Problem details: With the pictures left out, reproduce exactly the lines running from the line with "荷兰阿姆斯特丹传统建筑的照片" to the last line of the material below.

Supplied material:
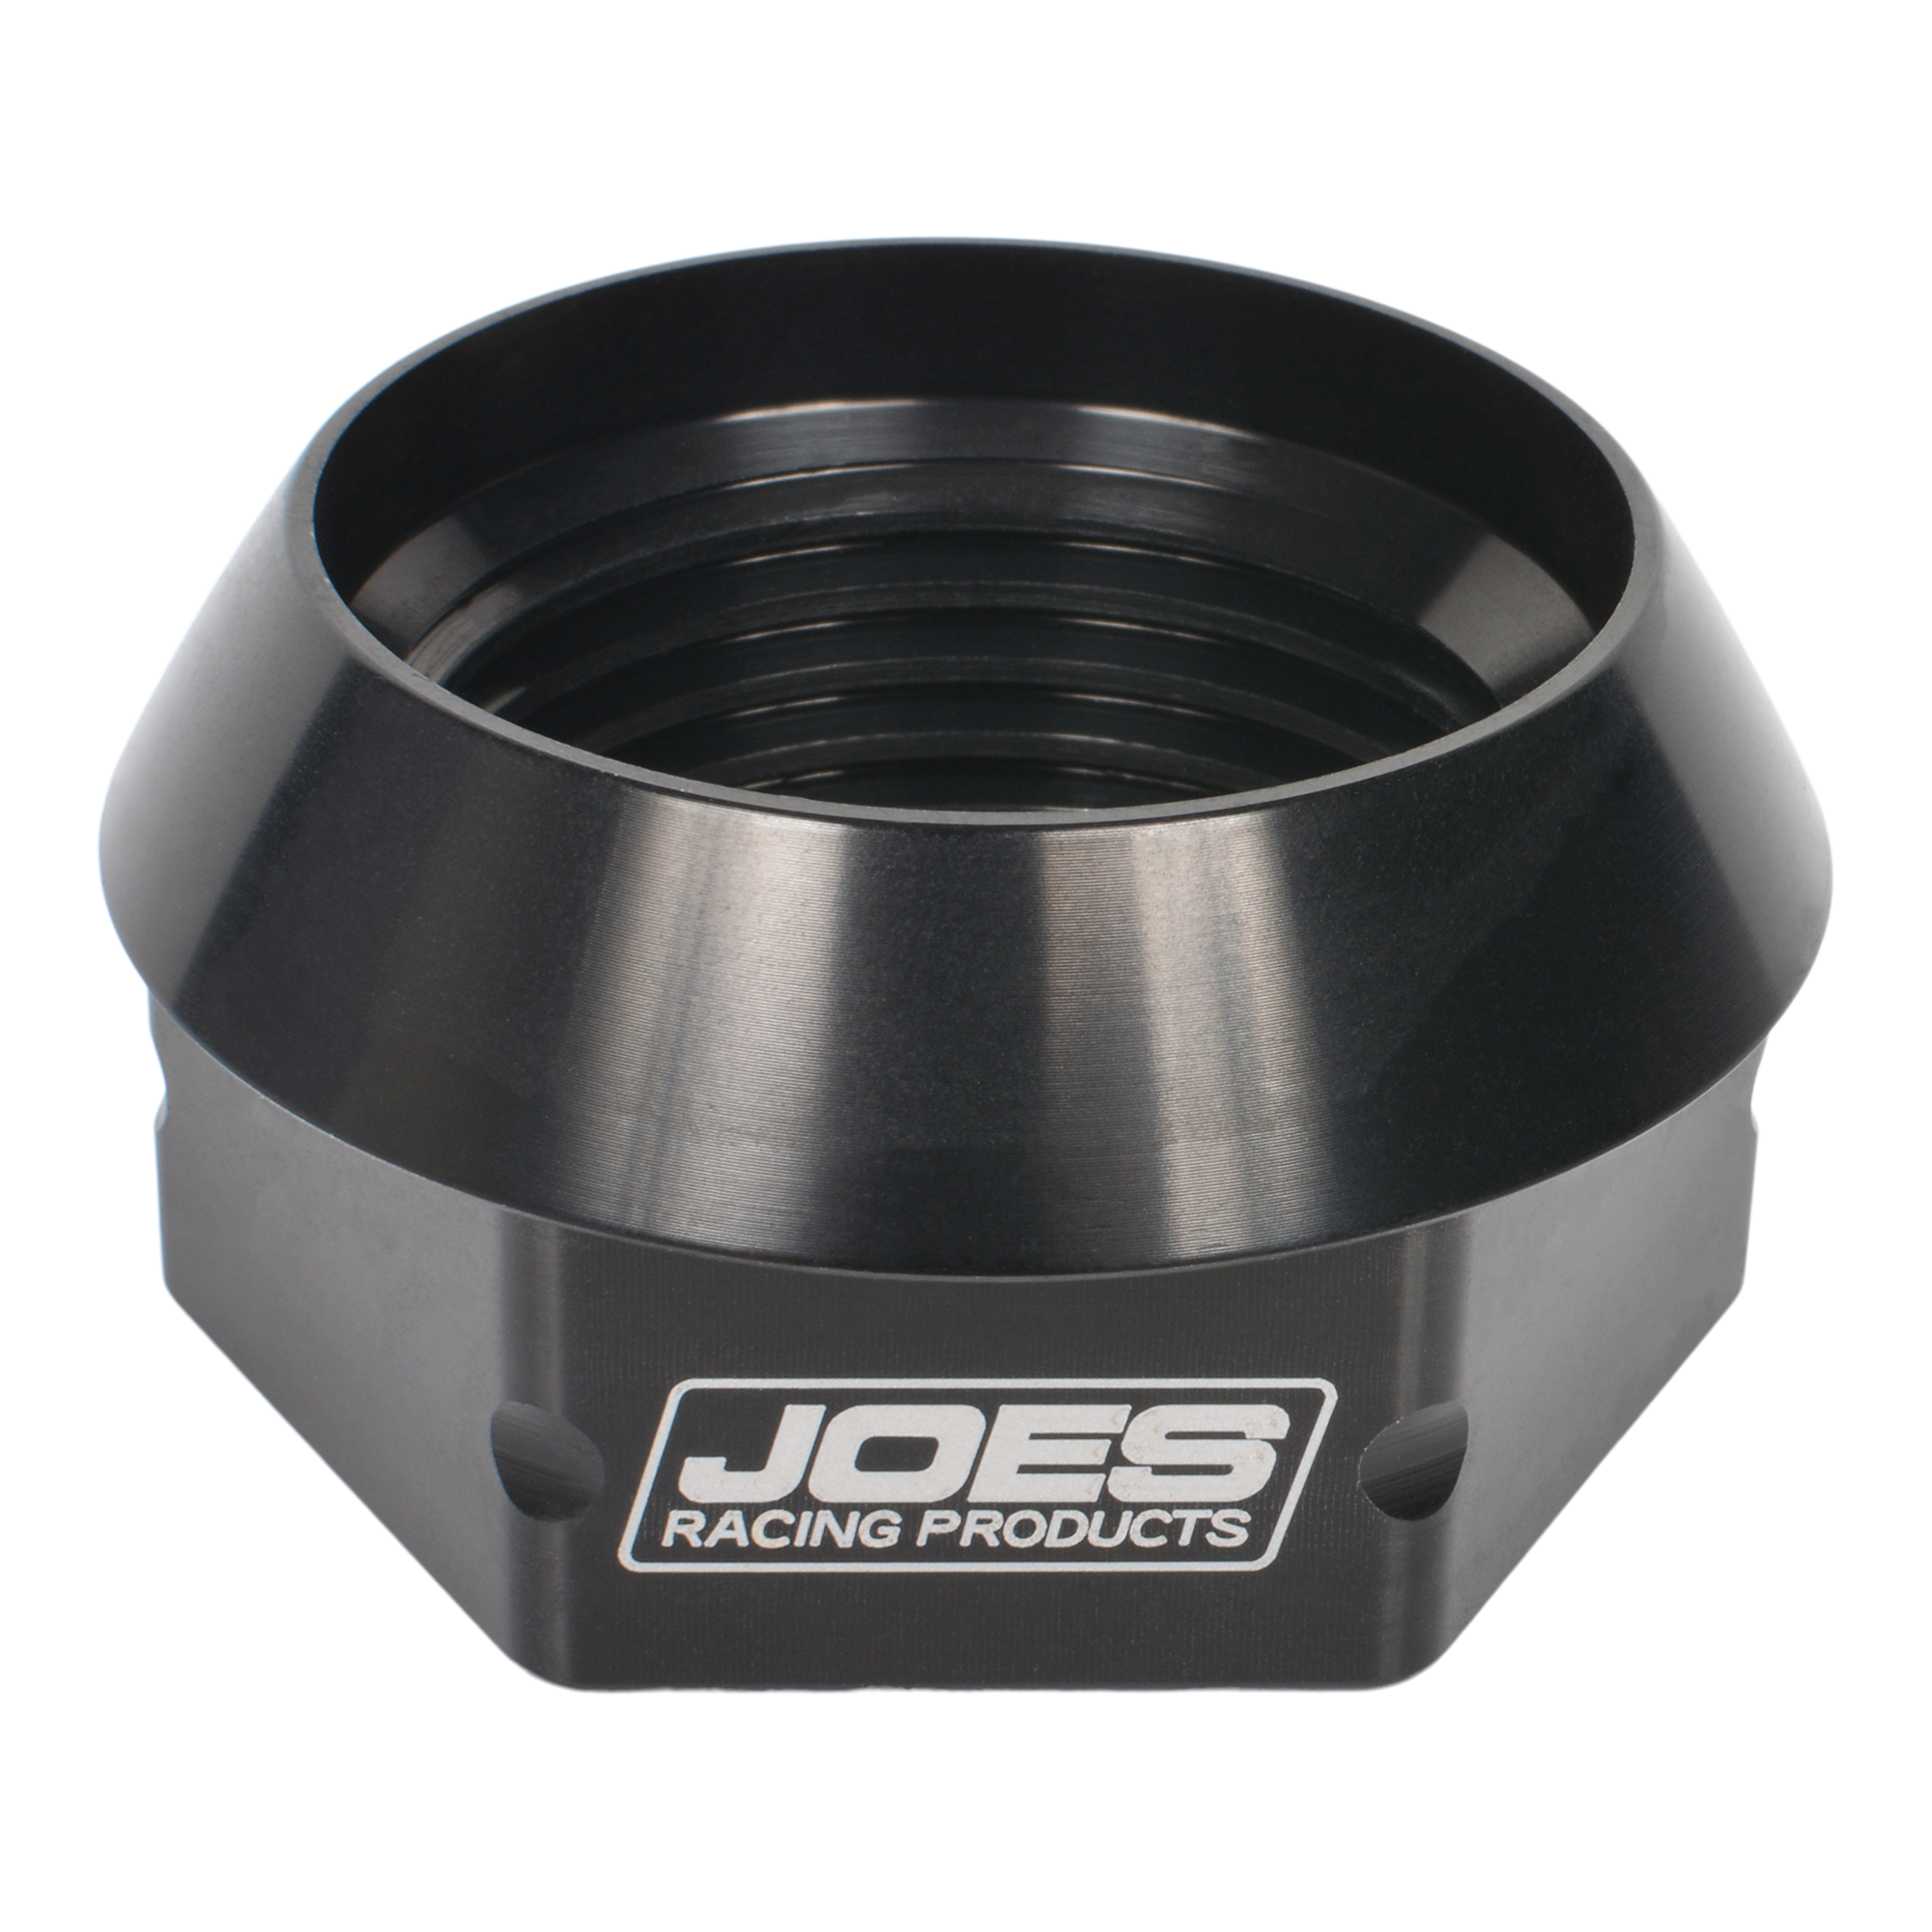 JOES Micro Sprint Rear Axle Nut - Left Hand Thread
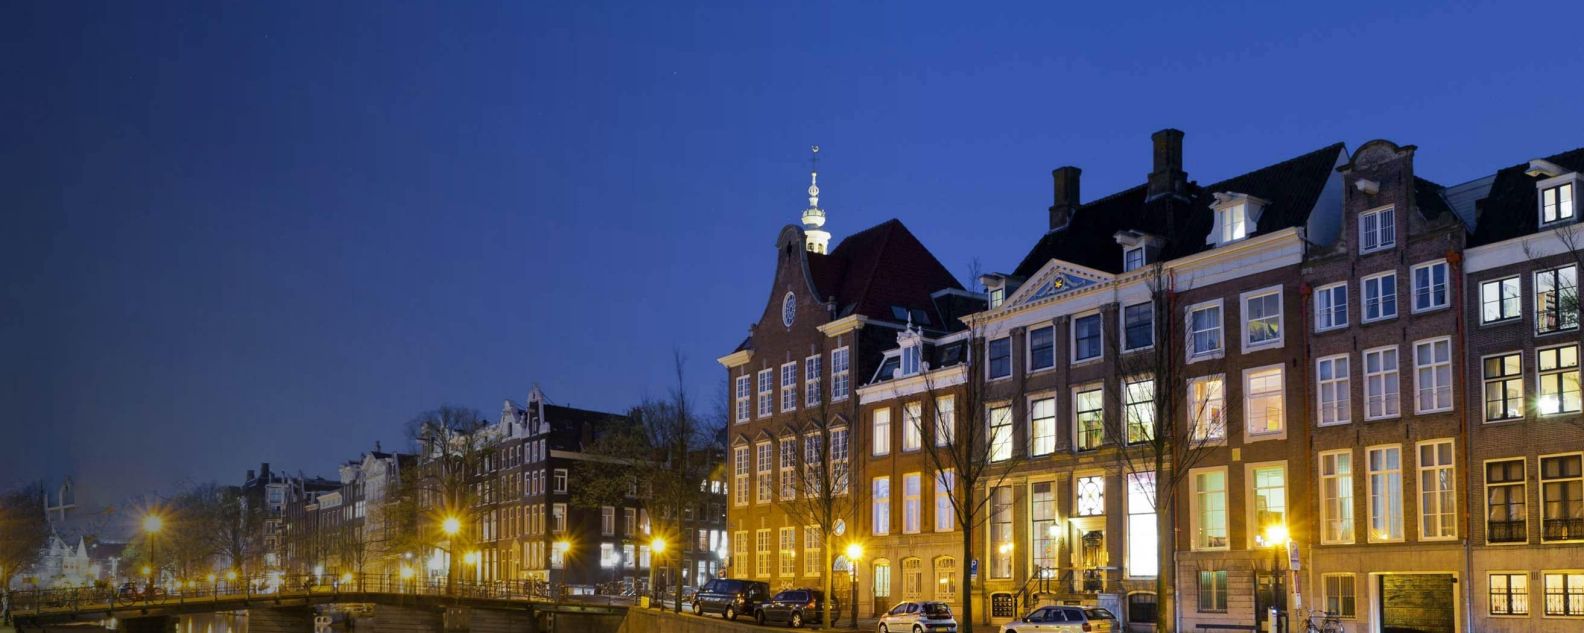 荷兰阿姆斯特丹传统建筑的照片
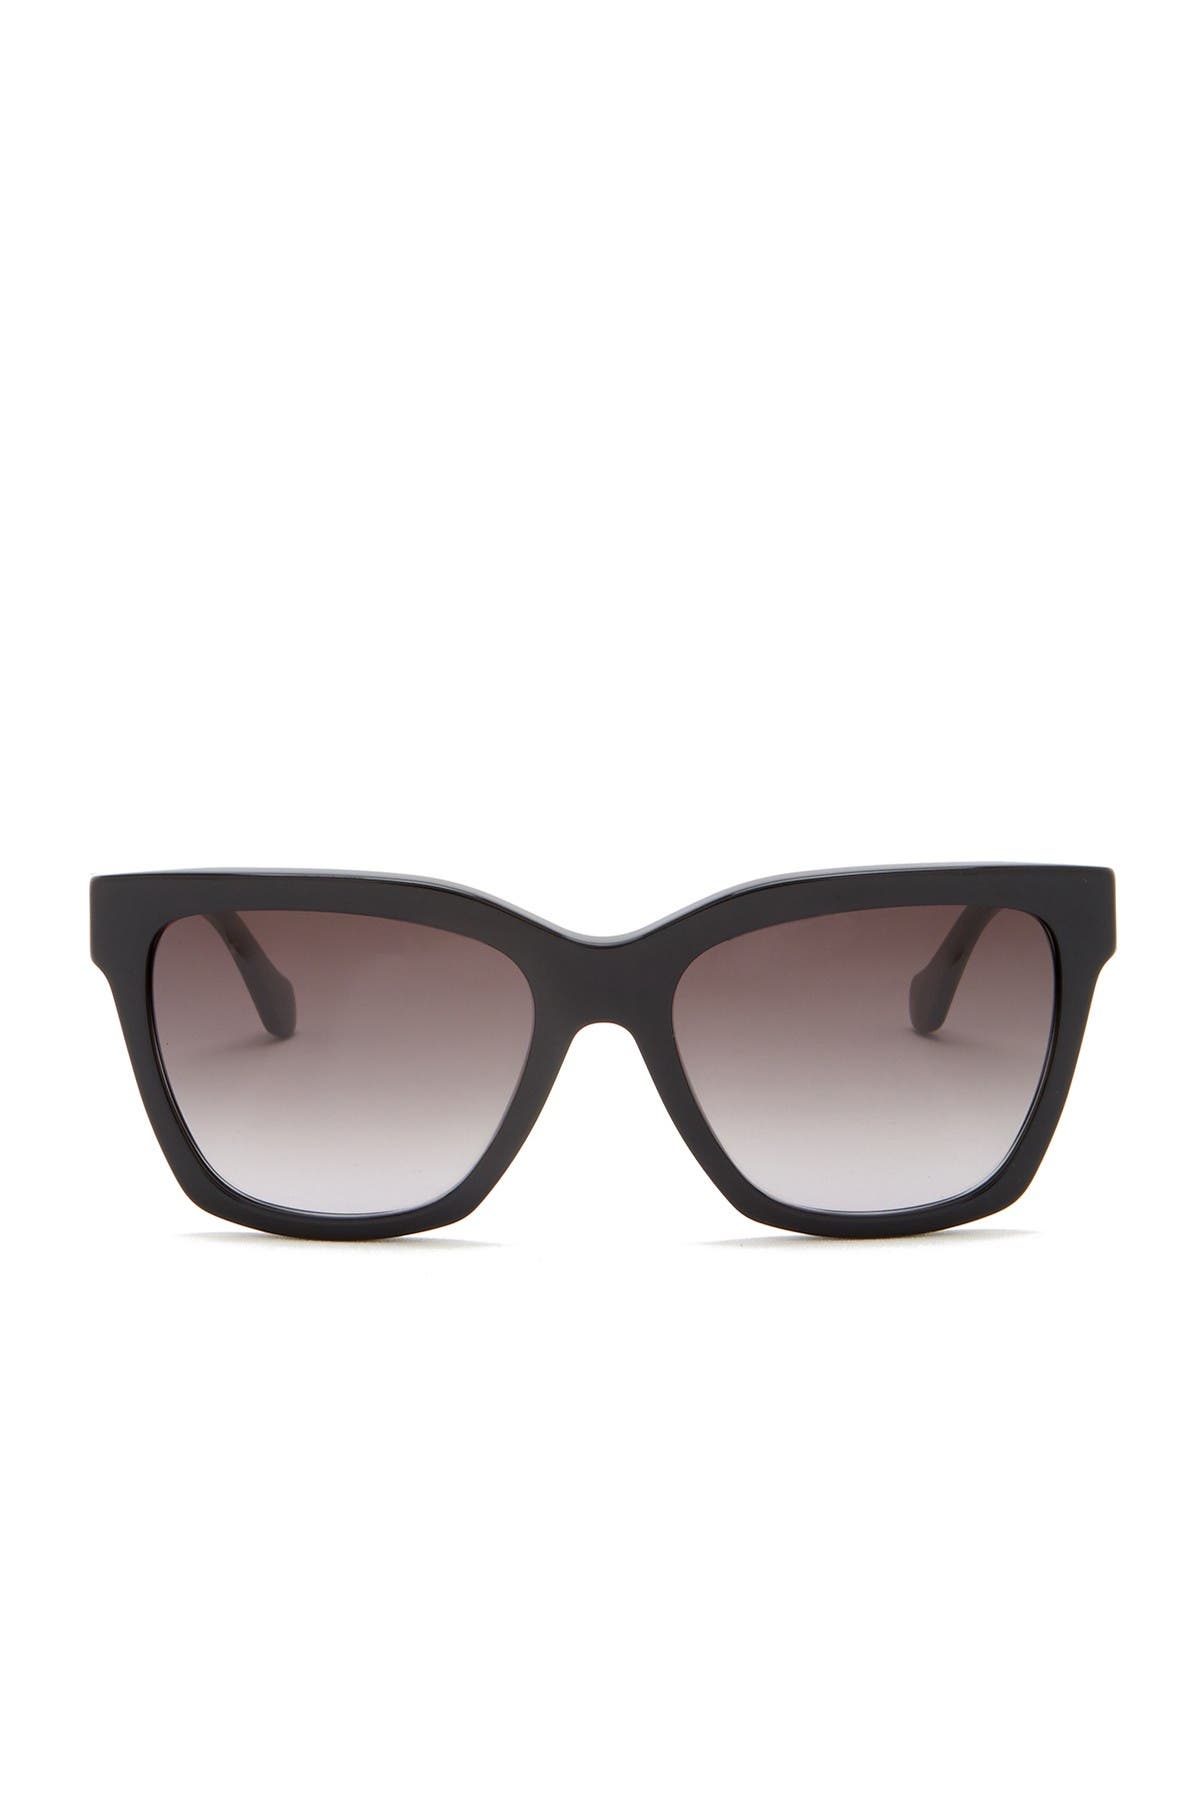 Balenciaga | 55mm Square Sunglasses

Response for this exercise:
 荷兰阿姆斯特丹传统建筑的照片
 Balenciaga | 55mm Square Sunglasses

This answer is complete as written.